There are other possible improvements, but if we can solve several of the above issues, my expectation is that we would generate a robust and self-sustaining industry that can self-fund the further development needed to make next-generation geothermal energy an absolute game-changer.
What’s next?
In an industry ruled by learning curves, what matters most is gaining experience in the field. We need all the companies working on innovative geothermal concepts to drill their demo wells and learn from them, so that they can move on to full-size wells and learn from those, so that they can operate at scale and learn from doing that, so that they can drive down costs (eventually) to almost nothing.
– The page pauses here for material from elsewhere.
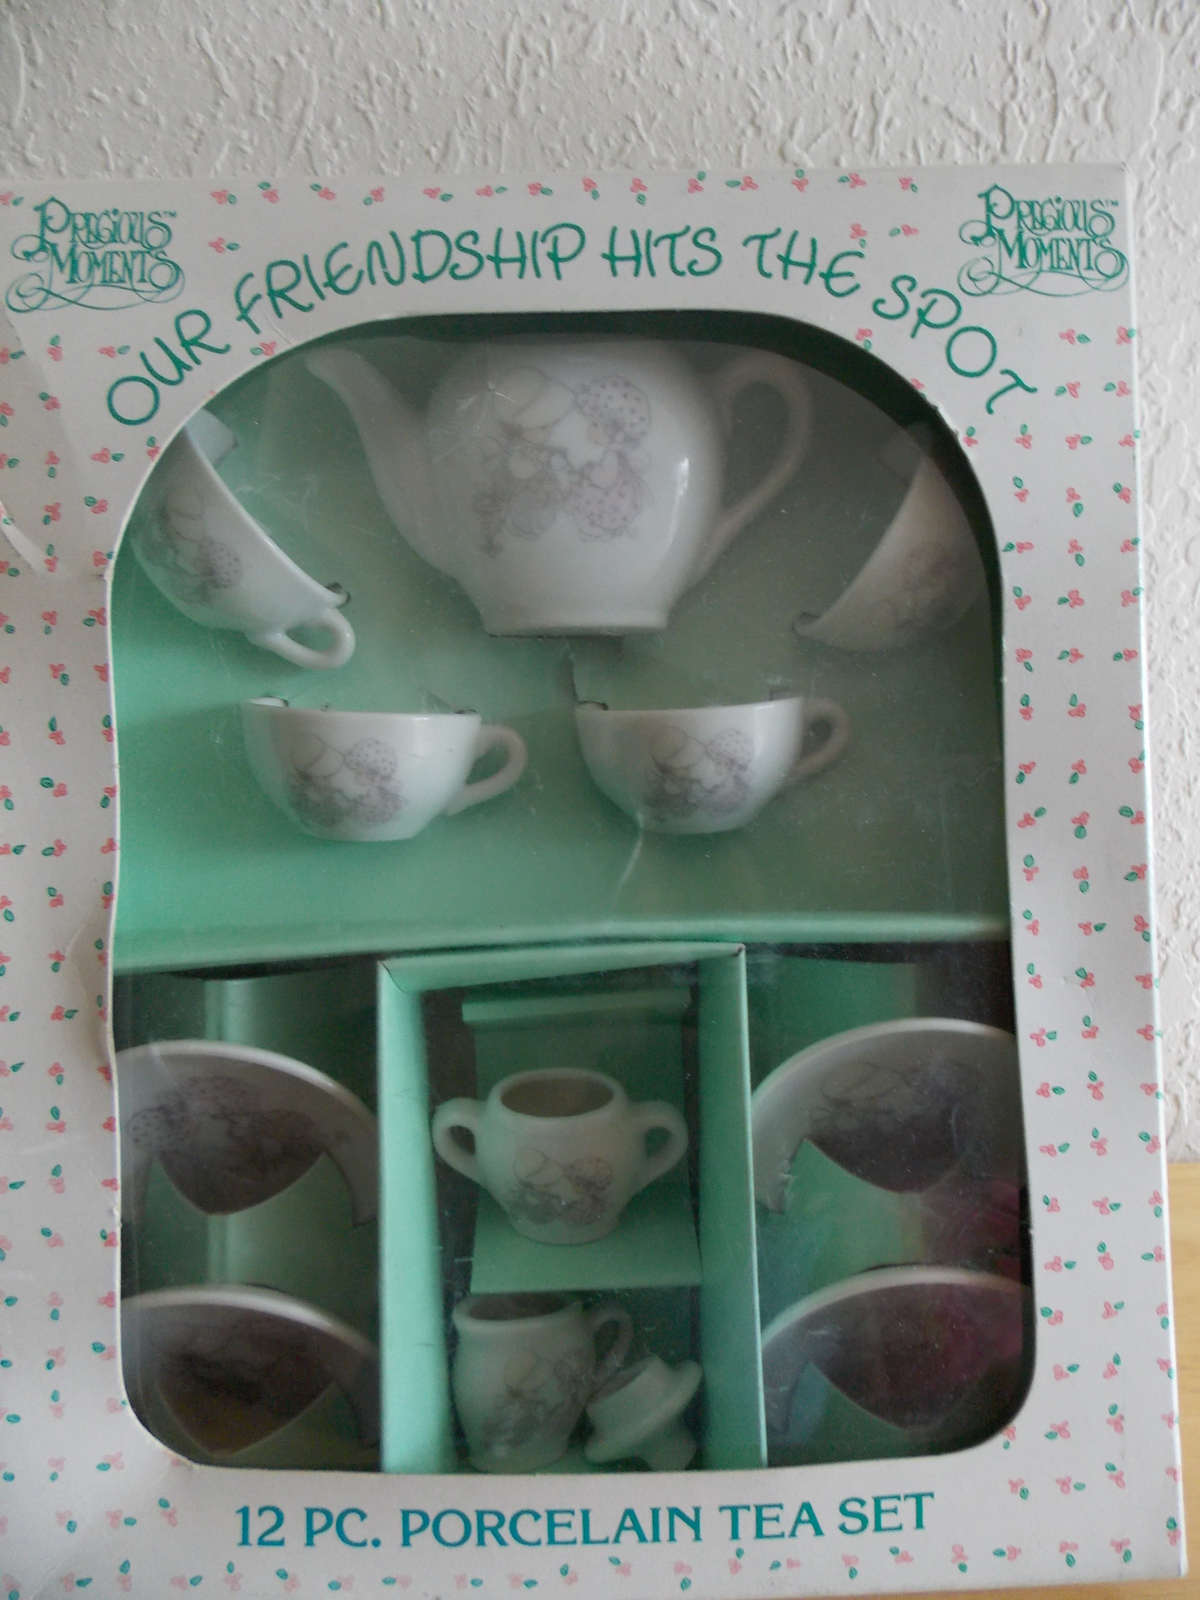 1985 Precious Moments “Our Friendship Hits The Spot” 12pc. Porcelain Tea Set  - $35.00

The rest of us should help them.
I have argued that the policy barriers, especially relative to fission, are not dealbreakers. But I continue to work to find policy solutions, because even non-dealbreaker problems can slow down progress. Policymakers who read this and want to learn more are welcome to reach out to me.
Adam Marblestone and Sam Rodriques have proposed Focused Research Organizations to tackle technological development problems not suited for either a startup, an academic team, or a national lab. Often, these problems arise when there is a high degree of coordinated system-building required and when the solutions are not immediately or directly monetizable. Some of the technology problems I described above, like producing a comprehensive dataset of subsurface conditions, developing temperature-hardened drilling equipment, or building systems to support supercritical fluids, may fit that bill. A geothermal-focused FRO supported by $50–100 million over the next 10 years could significantly accelerate progress.
If you want to learn more about progress in geothermal, I highly recommend registering for the upcoming PIVOT2021 conference, being held virtually July 19–23. It’s a comprehensive overview of the entire industry, and totally free. Yours truly is moderating the panel on regulatory and permitting challenges.
If we play our cards right, human civilization could soon have access to a virtually inexhaustible supply of cheap and clean energy. Shouldn’t we pull out all the stops to get there?